I believe it’s perfectly possible to spend an entire lifetime looking at ordinary things and events—family, friends, fear, and disappointments—and never have the smallest hint that God is there or that He is active in our lives.
It’s easy. Happens all the time.
It’s possible to look back on a life—all the things that have happened up till now—and not see any kind of pattern. It’s also possible to look into the future and see more of the same.
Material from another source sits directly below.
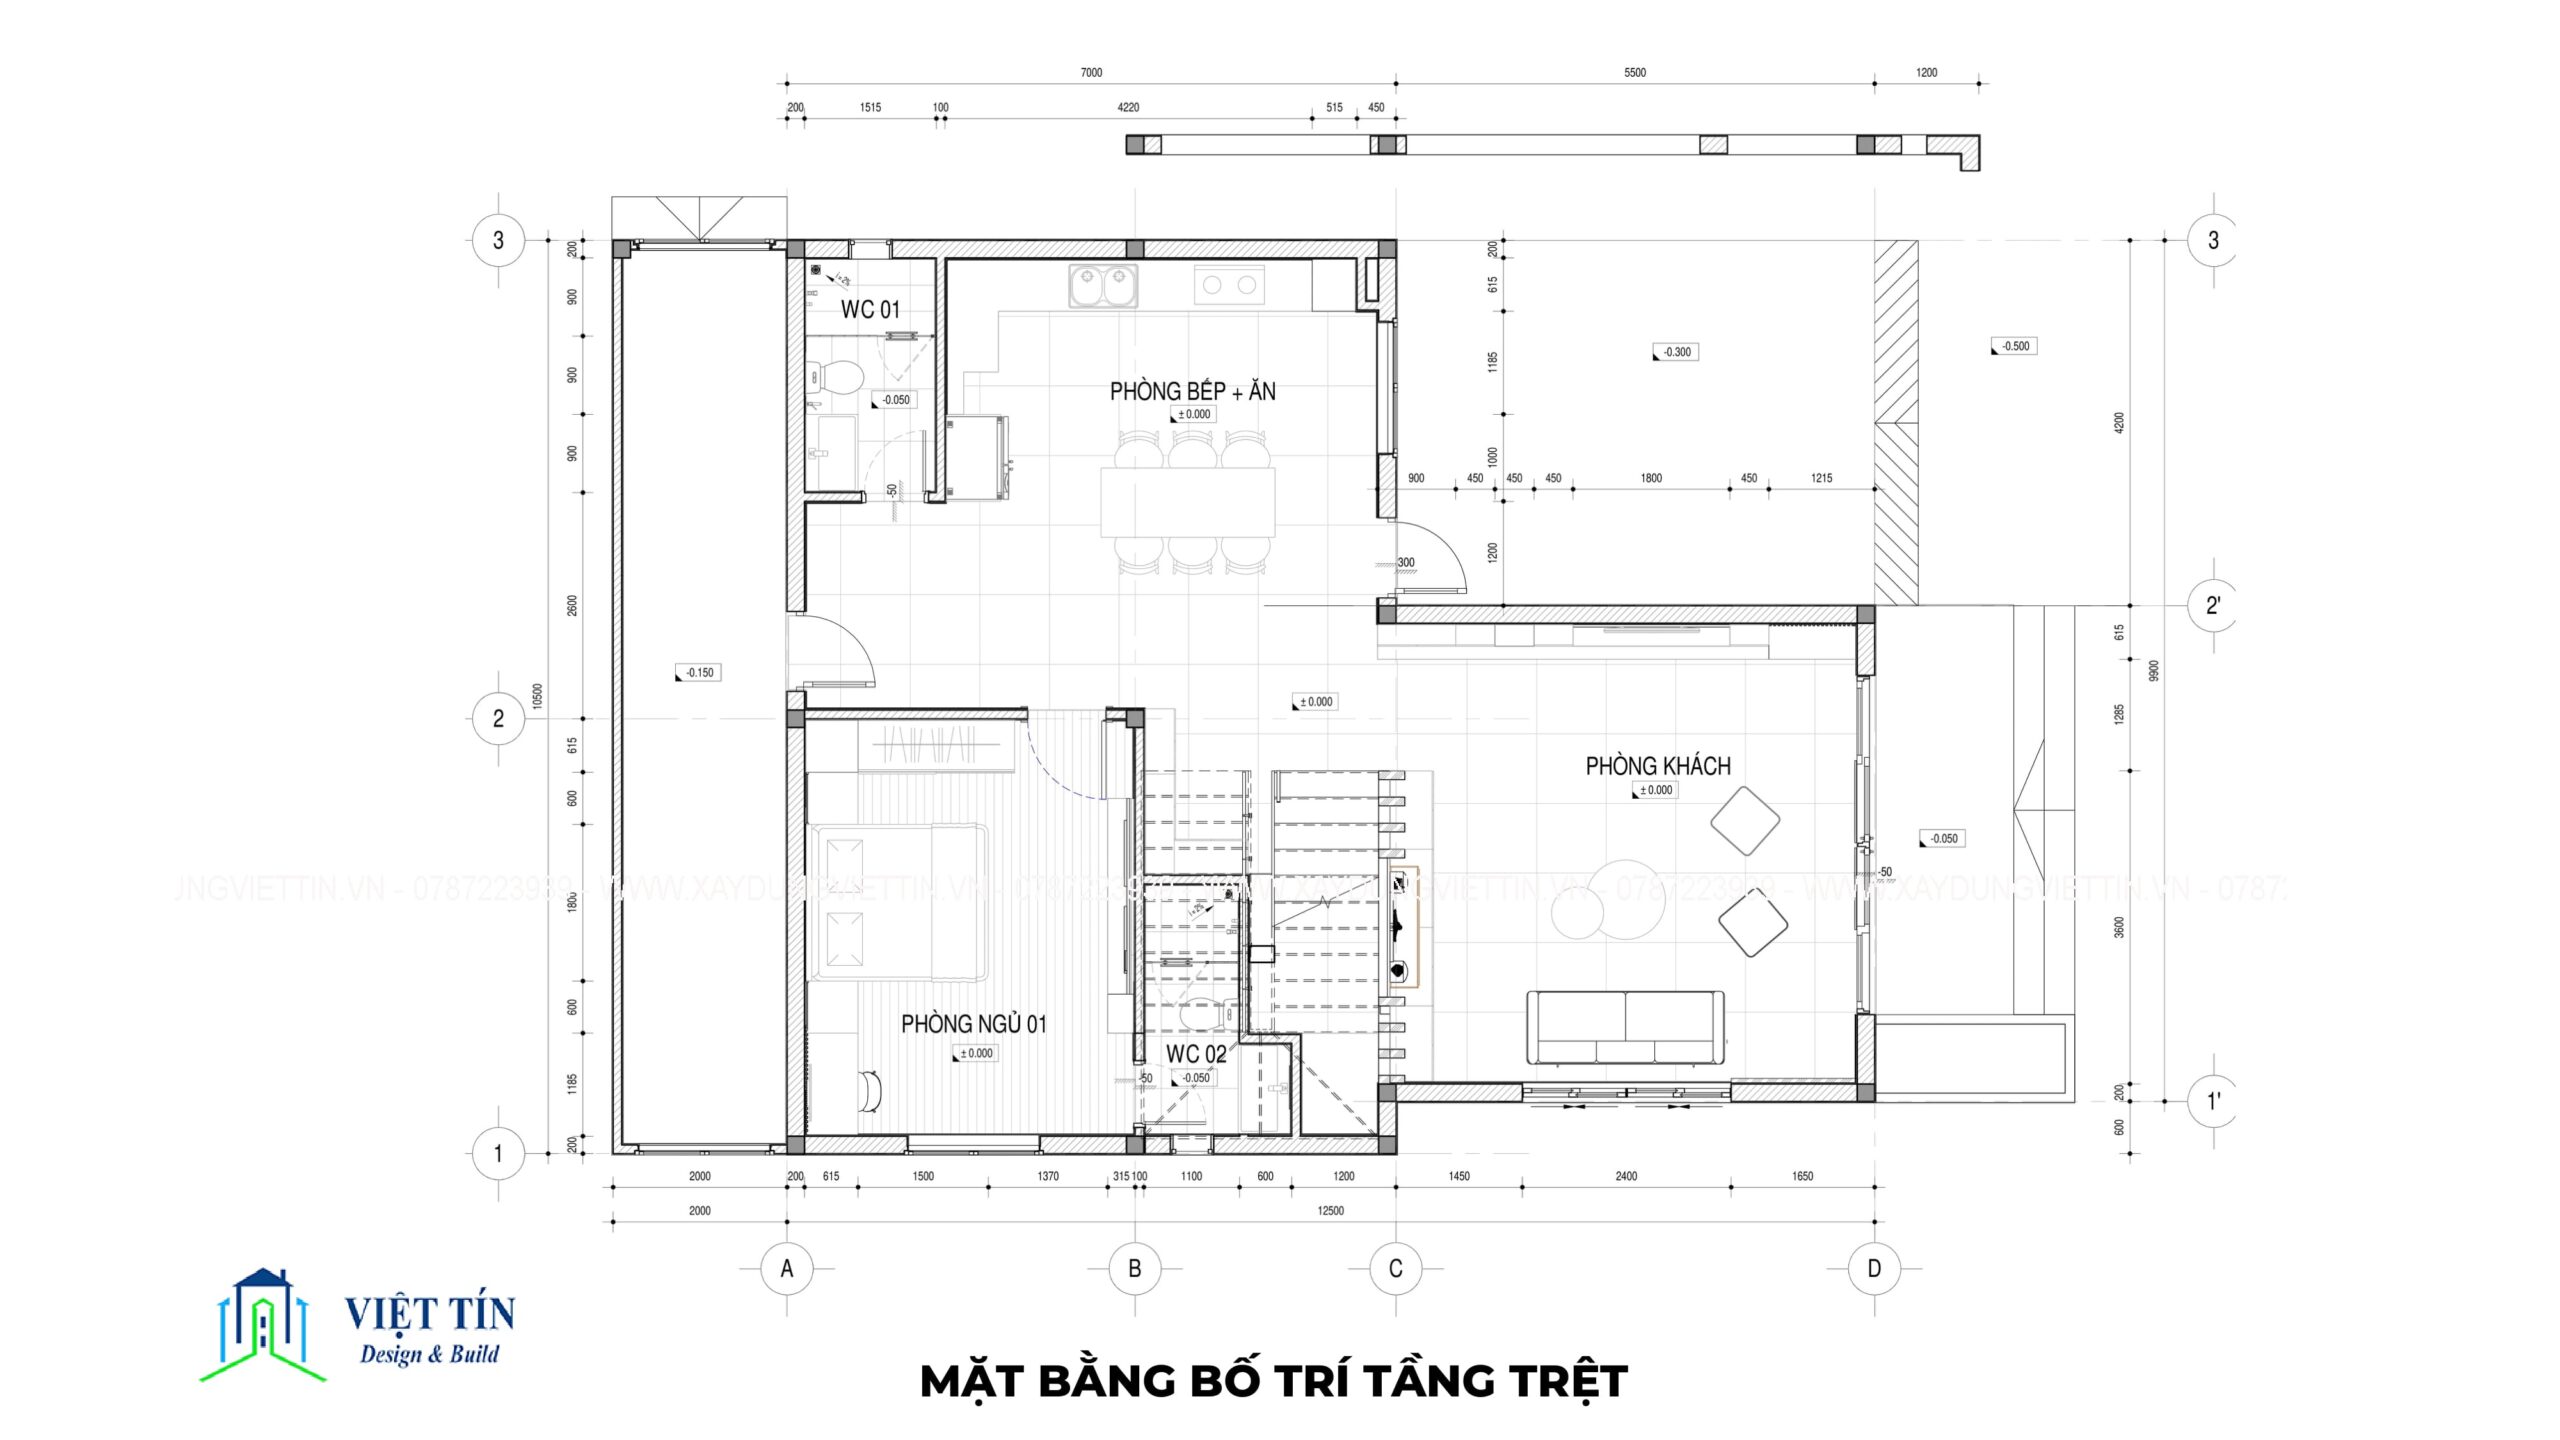 Cùng xem biệt thự hiện đại 2 tầng 1 tum 2 mặt tiền tại Vũng Tàu - VIET TIN CONSTRUCTION
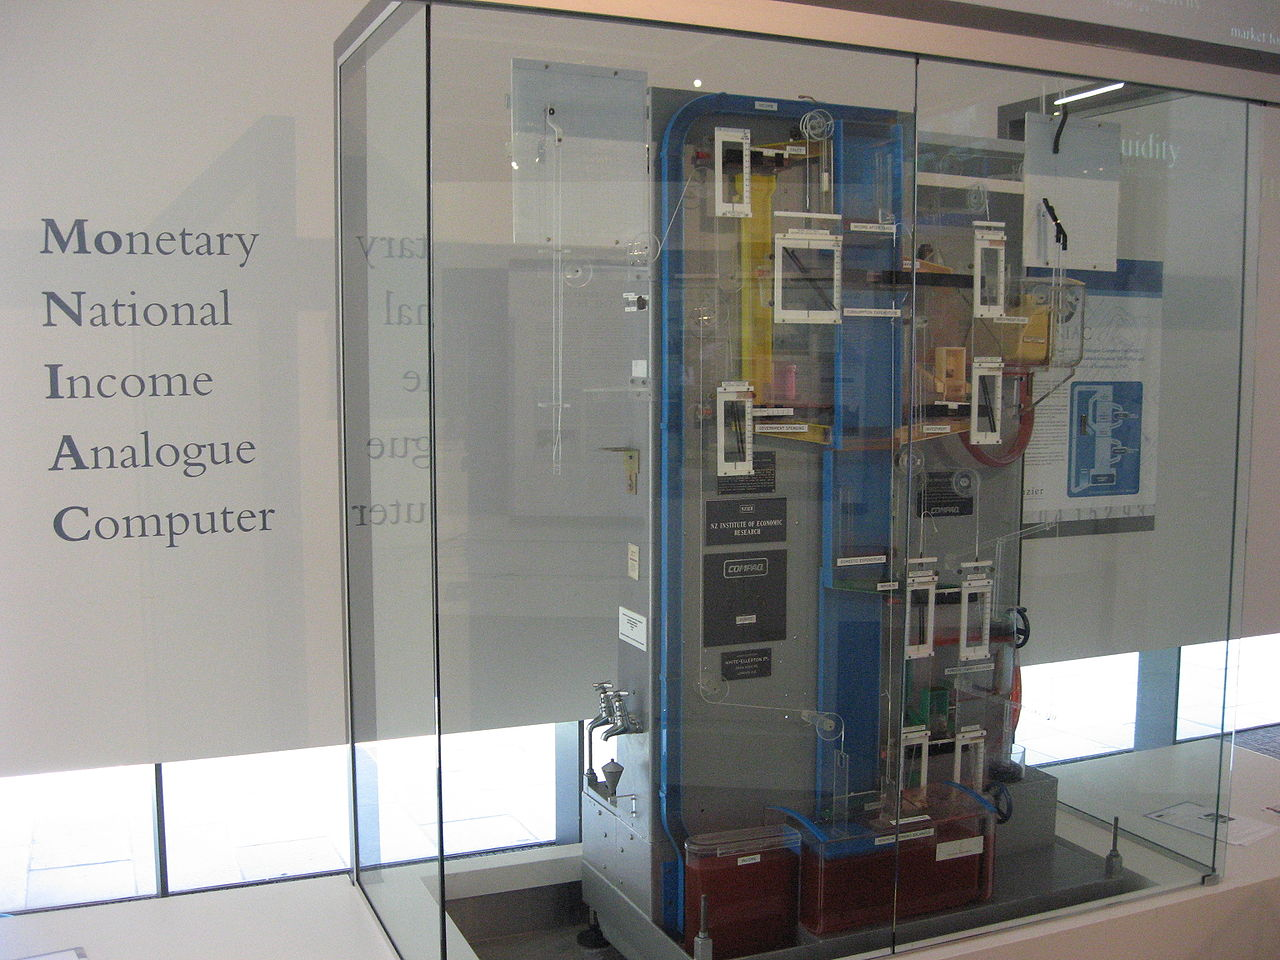 Аналоговый компьютер MONIAC использовал флюидику или &laquo;струйную логику&raquo; для моделирования процессов экономики.

It’s even possible to have an occasional glimpse into another dimension, a one-time spiritual awakening, then lapse back into the ordinary and never really be changed.
But here’s the alternative: We can choose to spend life in the same circumstances, the same places, among all the same people, and continually be struck by the wonderful truth that God is there, that He’s in control, that He loves us and is aware of us and wants us to be part of what He’s doing in the world.
There’s a kind a miracle, in other words, that we can choose. We can choose the miracle of a perspective change.
Does that mean that seeing God is just a matter of personal choice?
Not exactly.
It’s always a little difficult to sort out what we can choose and what we can’t choose in this life. Theologians have been trying to sort it out for centuries, juggling concepts of God’s sovereignty and human free will, delving into the mysteries of what is up to us and what is up to God.
It’s a mystery, a paradox—that God is in control of the entire universe, yet He gives us freedom of will. And that paradox is fully in play when it comes to seeing God.
Because ultimately, it is God’s choice to reveal Himself to us.
But we must choose to see what God reveals. We must have what the Bible calls eyes to see and ears to hear and a heart to perceive what the God who sees us is doing in our lives.